Oracle Performance Tuning Tips

Use a large database block size

Because the database block size is fixed at database creation, this is one decision that is important to get right the first time. For file system based datafiles, without direct I/O, the database block size must match the file system buffer size exactly, as explained here. However, if your database is raw, or if direct I/O is available, then you have the luxury of choosing a larger database block size. There are many advantages to using a large block size, but the most significant is the saving in I/O for index based access paths.

How does a large block size save I/O?

A large database block size reduces the number of reads required to probe an index and scan a range of values from its leaf blocks.

An index range scan using an 8K database block size

The figure above shows a hypothetical index in a database with an 8K block size. The figure below shows the equivalent index after the database has been rebuilt with a 16K block size. The most obvious difference is that the number of leaf blocks has been halved. As a direct result, the number of pointers to leaf blocks has been halved also. Because the number of leaf block pointers has been halved, the space required for the last level of branch blocks has been halved as well. Therefore the number of blocks at that level of the index has been reduced to one quarter. In general, for large indexes the space saving at each level of the B*-tree increases exponentially with the height of the tree.
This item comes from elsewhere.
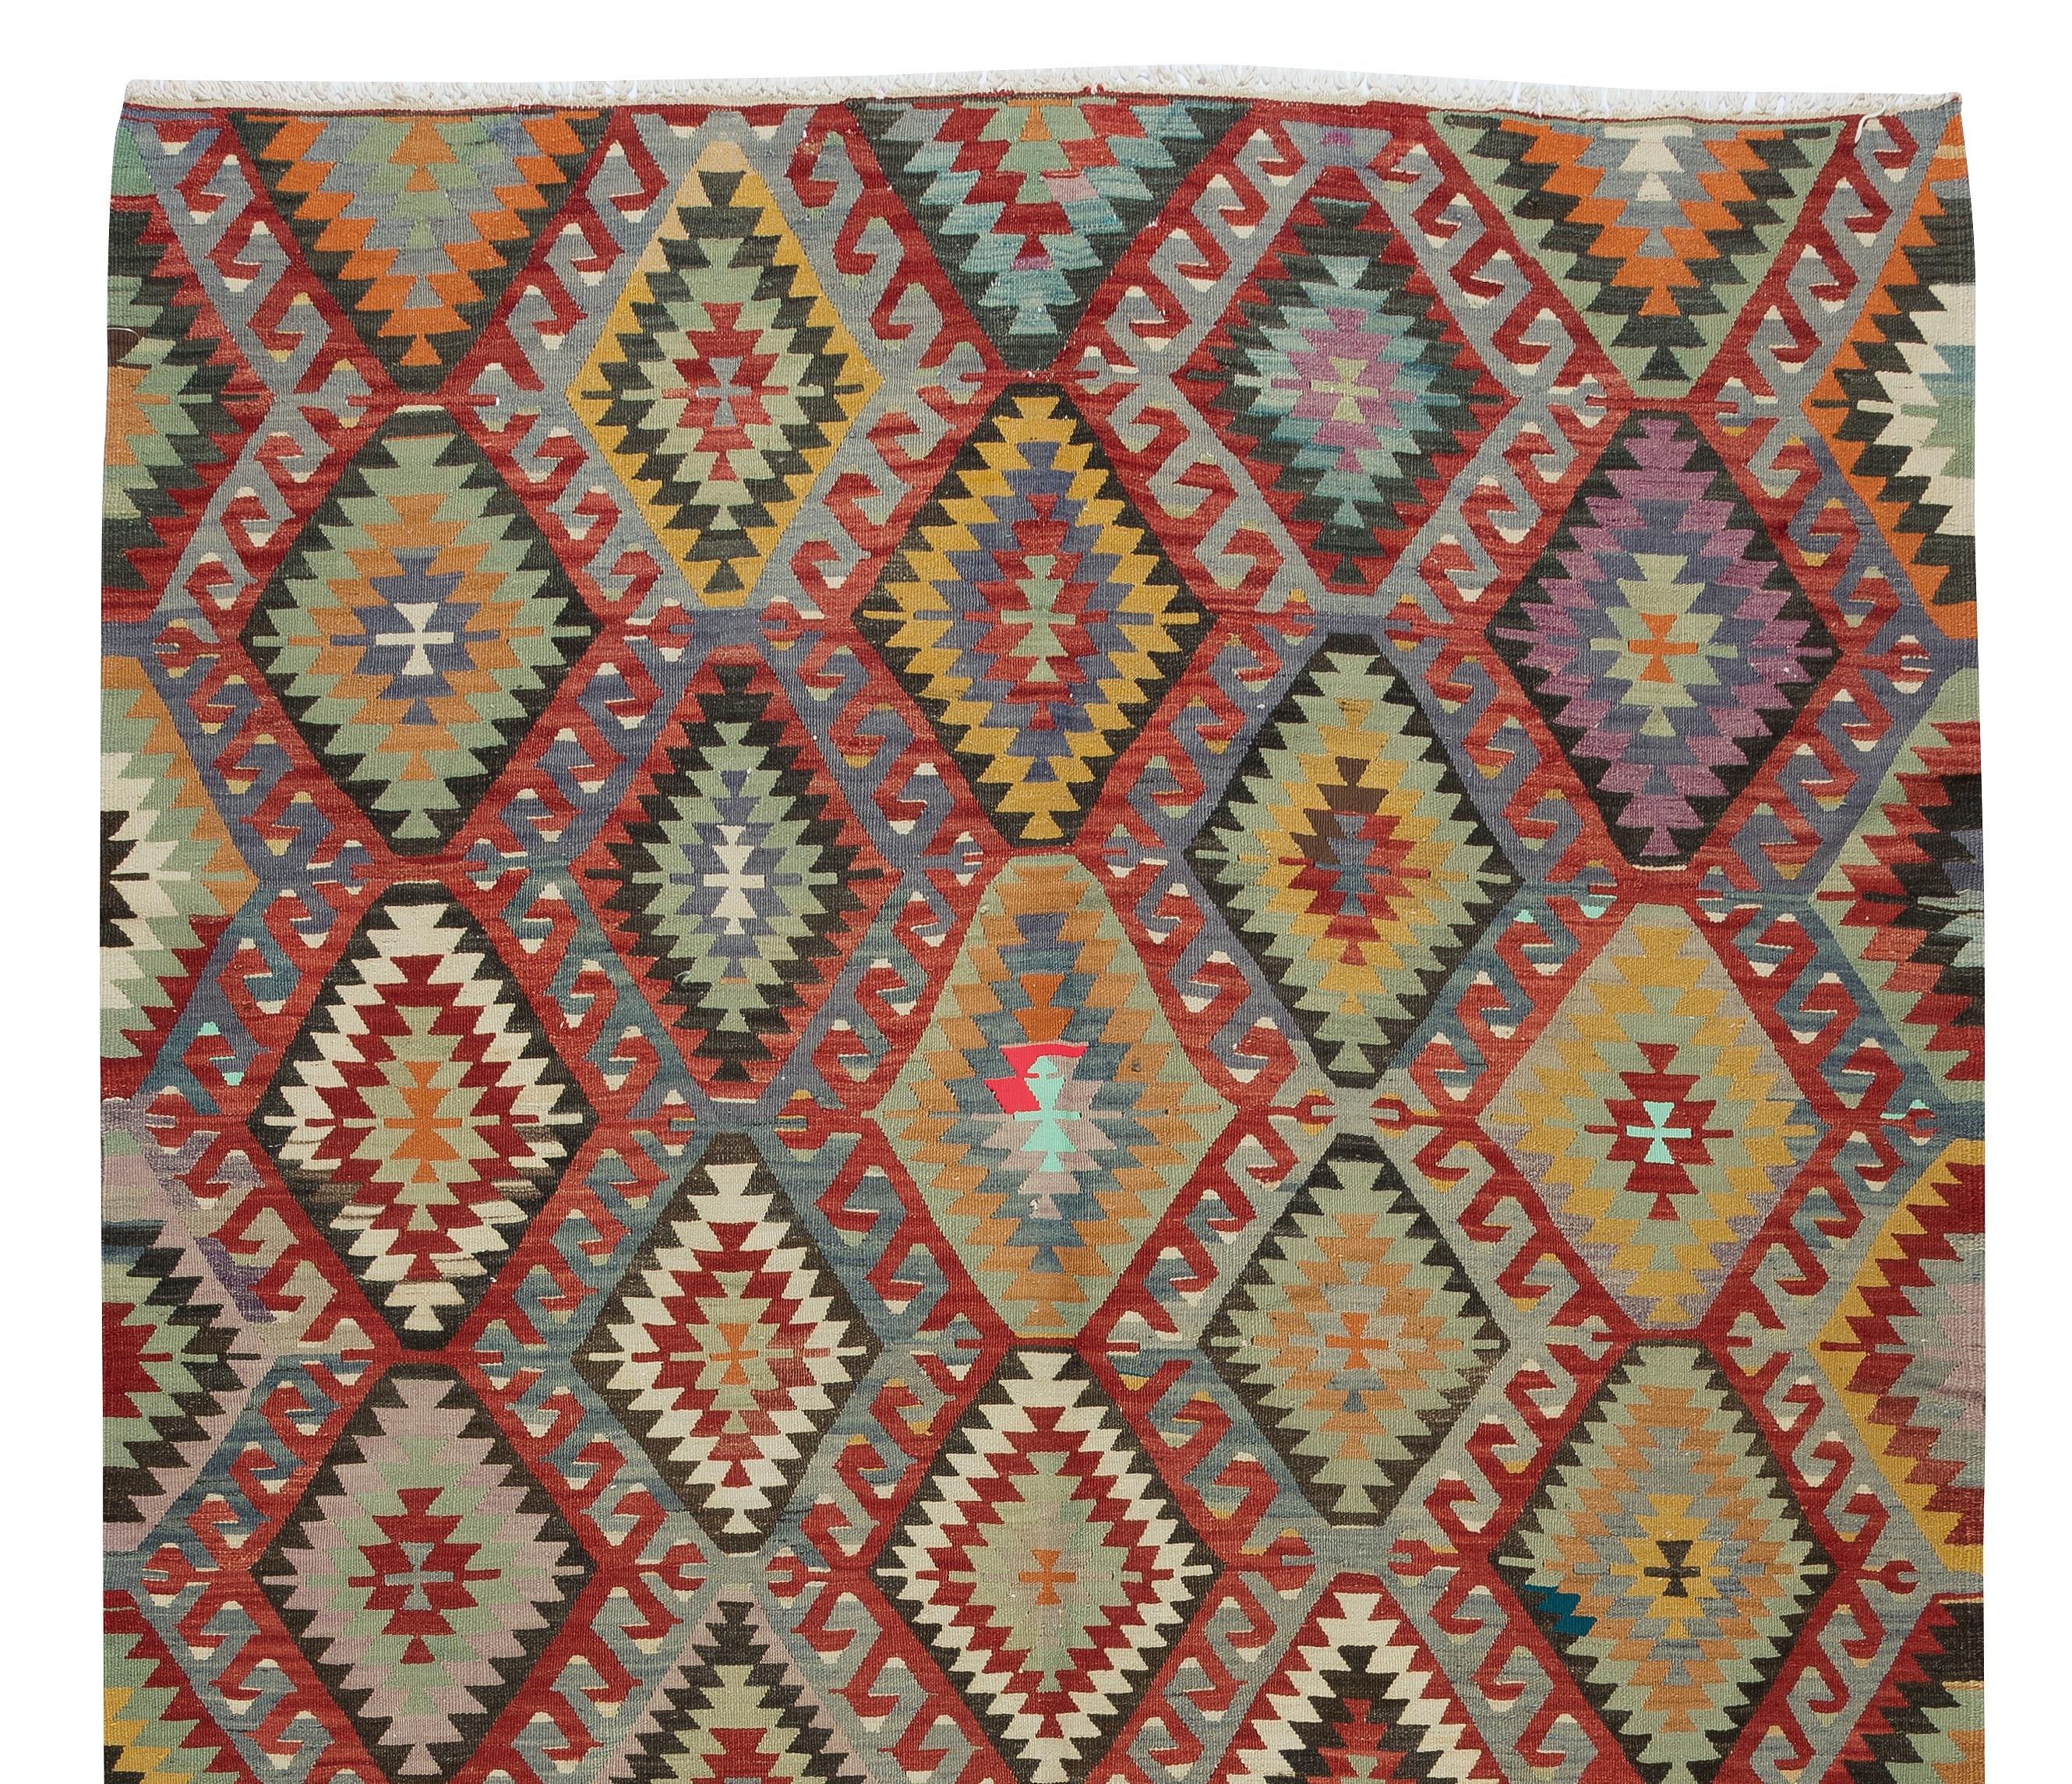 20th Century 5.8x10 Ft One of a Kind Handmade Turkish Wool Kilim, Multicolored Flat-Weave Rug For Sale

Thus the height of the tree is reduced by one level in some cases.

An index range scan using a 16K database block size

The shaded blocks in the figures illustrate the dual saving in logical reads due to a larger database block size. If the height of the tree is reduced, fewer block gets are required to traverse the tree from the root block to a leaf block. And in an index range scan, only half the number of single block reads are required to scan the leaf blocks.

Of course, these are savings in logical reads. But are there equivalent savings in physical reads as well? Of course, that depends on which blocks are cached. Because the index branch blocks tend to be well cached anyway, doubling the database block size benefits index range scans more than it benefits index probes.

What about the impact on the buffer cache?

However, we must consider whether these improvements might be negated by other factors. In particular, if the cache is not enlarged, the number of buffers in the cache will be halved, and this might have a negative impact on the cache hit rate. Fortunately, this is not the case if you take care to adjust the sizes of the various buffer pools appropriately.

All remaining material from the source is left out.